= Supplied material =
------------------------------------------------------------

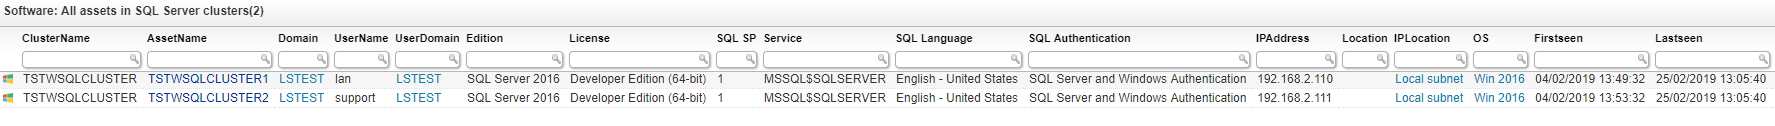 All Assets in SQL Server Clusters
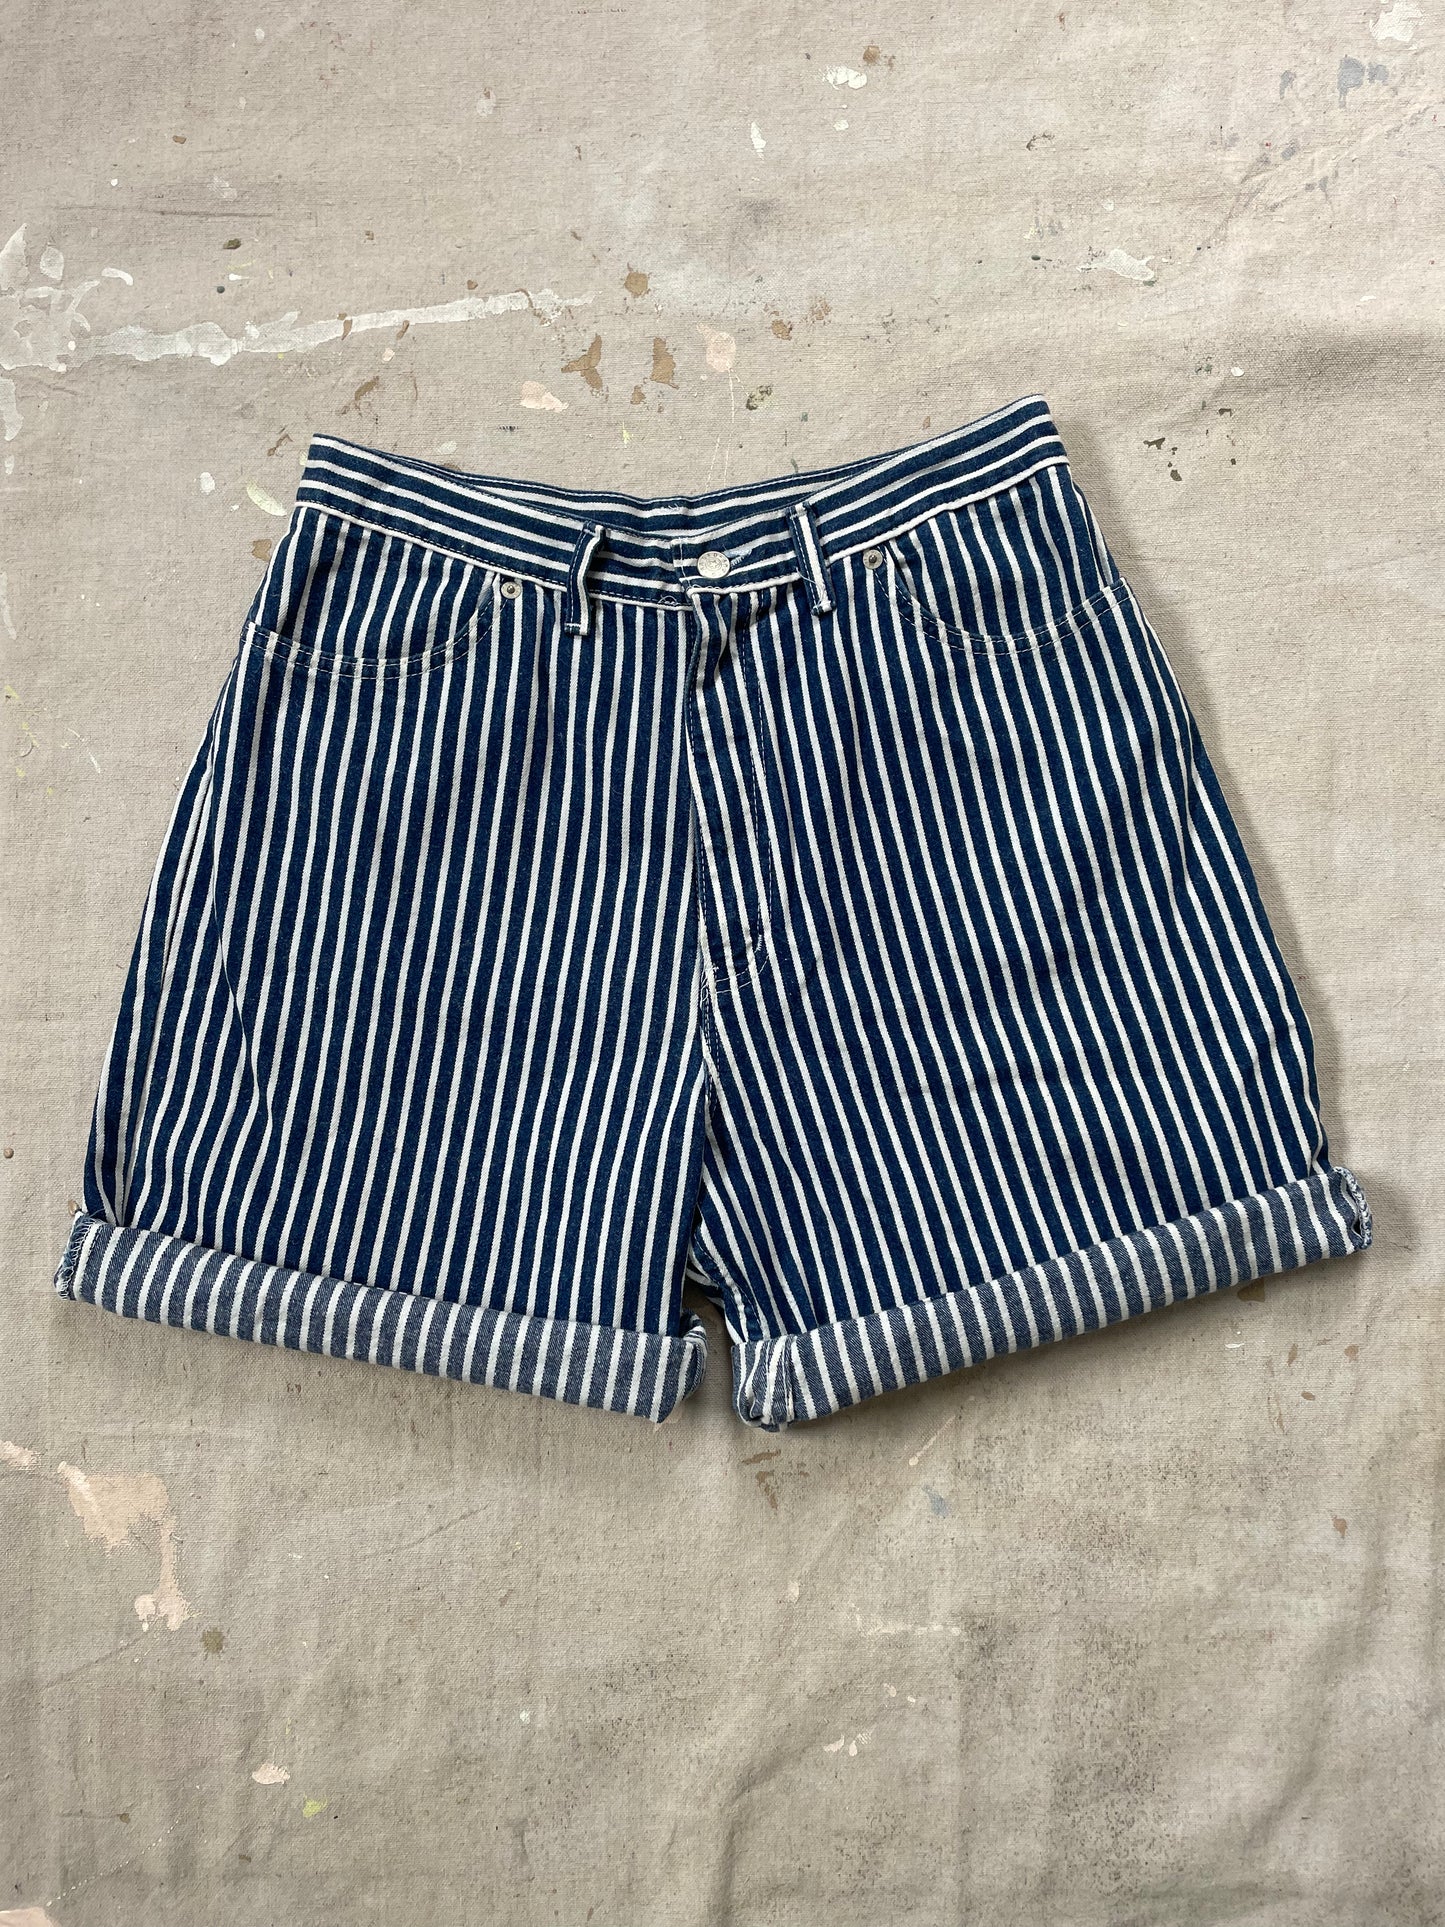 90s Striped Jean Shorts
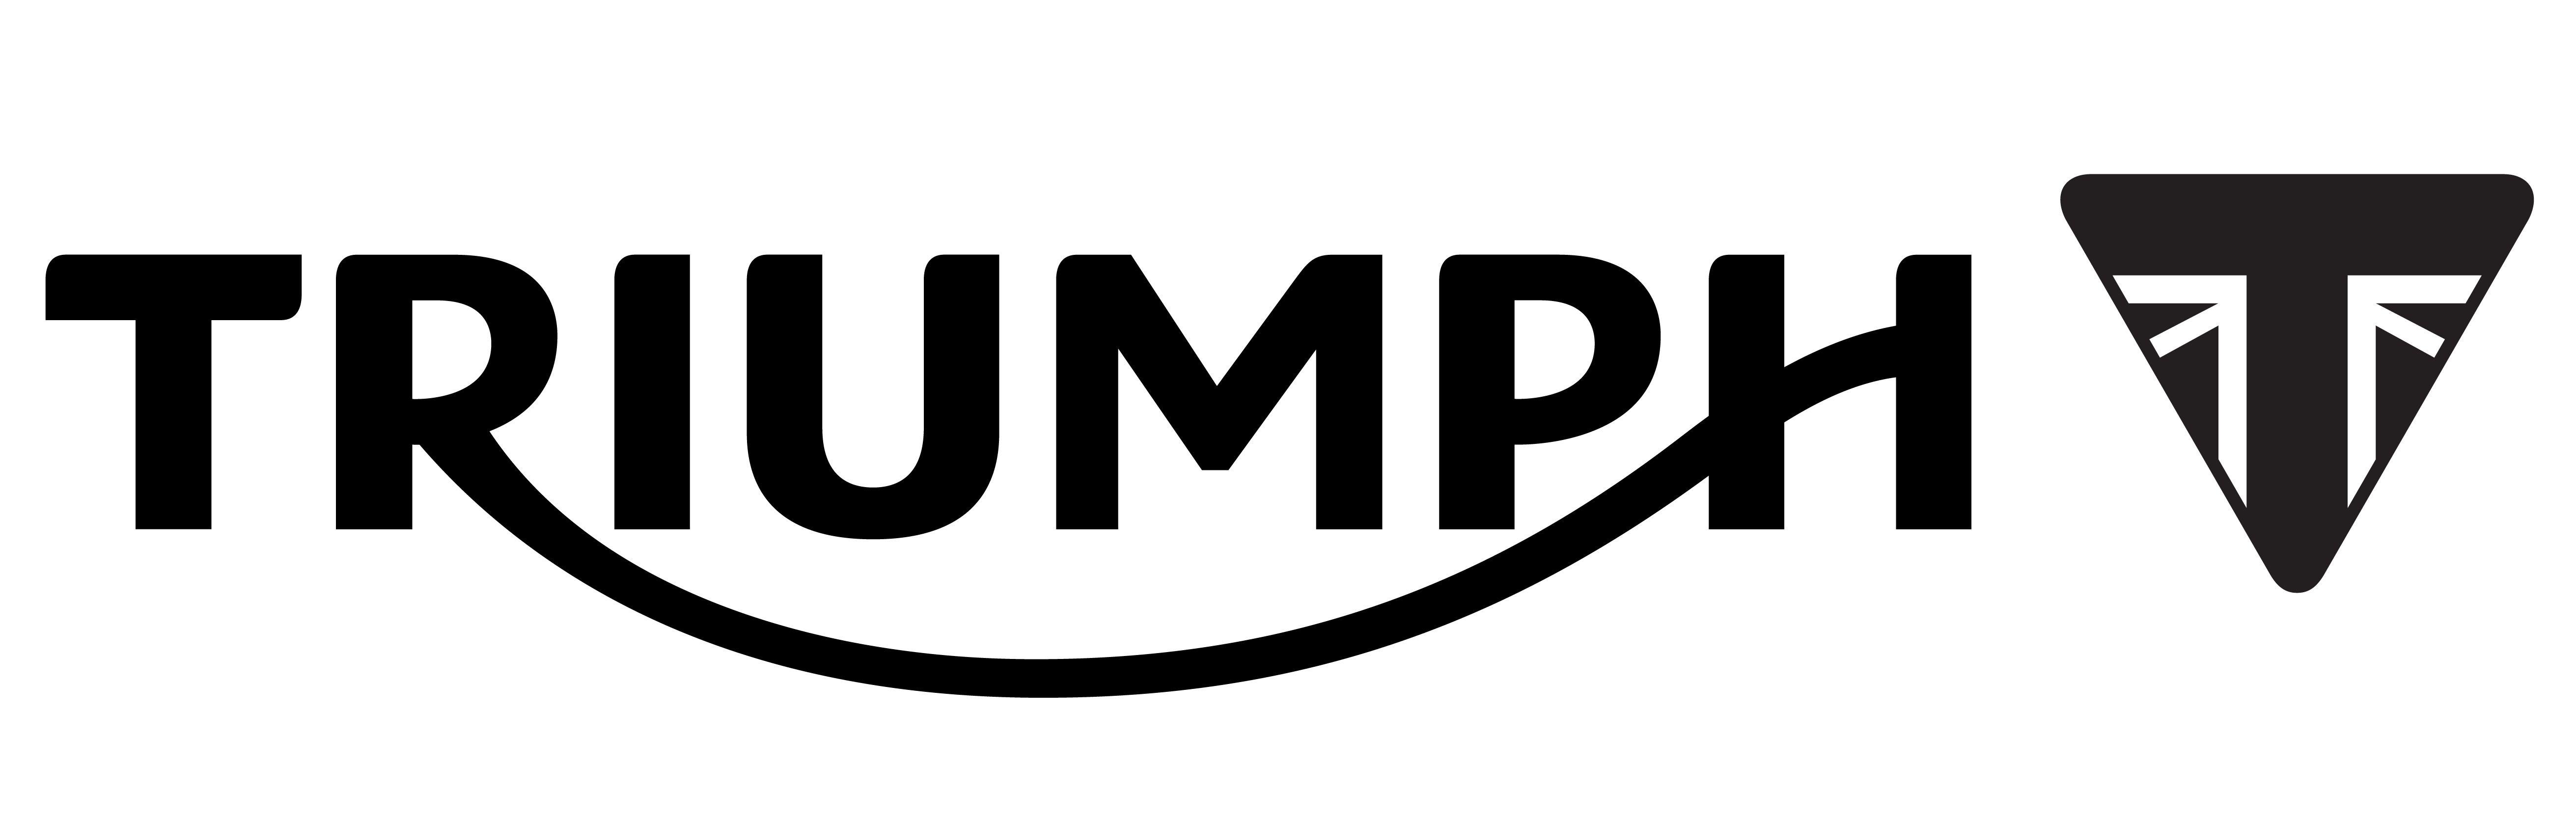 2013 Logo - Triumph logo: history, evolution, meaning
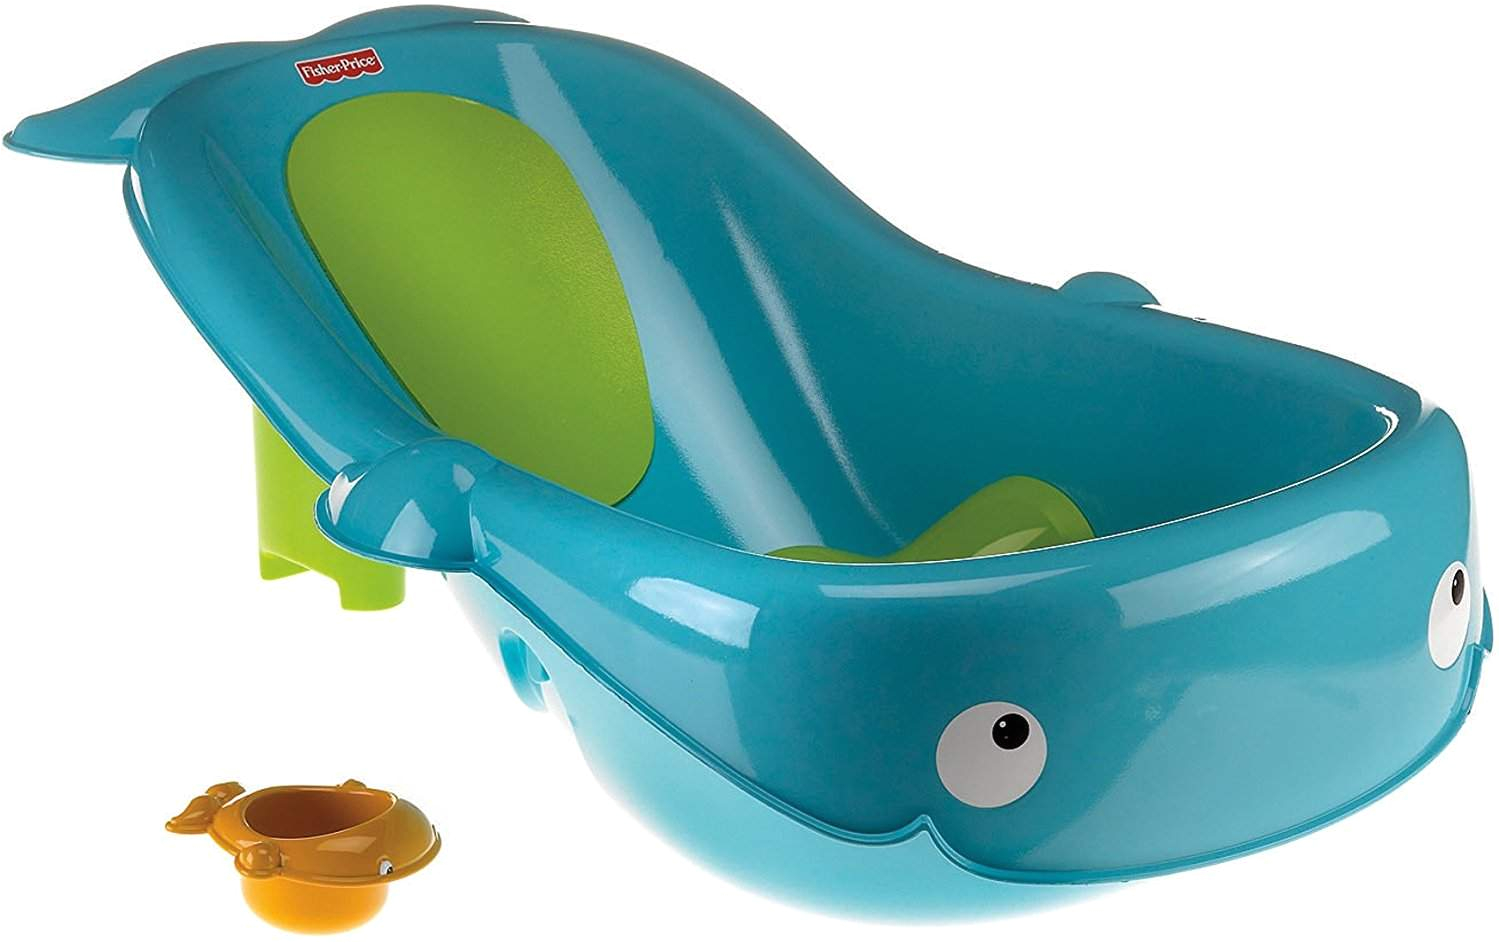 top best infant bath tub seat chair

------------------------------------------------------------

= Work to be completed =
No pictures should appear in the copy; write out exactly the lines from the one containing "90s Striped Jean Shorts" through the end of the material.

= Solution to this exercise =
 90s Striped Jean Shorts
 2013 Logo - Triumph logo: history, evolution, meaning
 top best infant bath tub seat chair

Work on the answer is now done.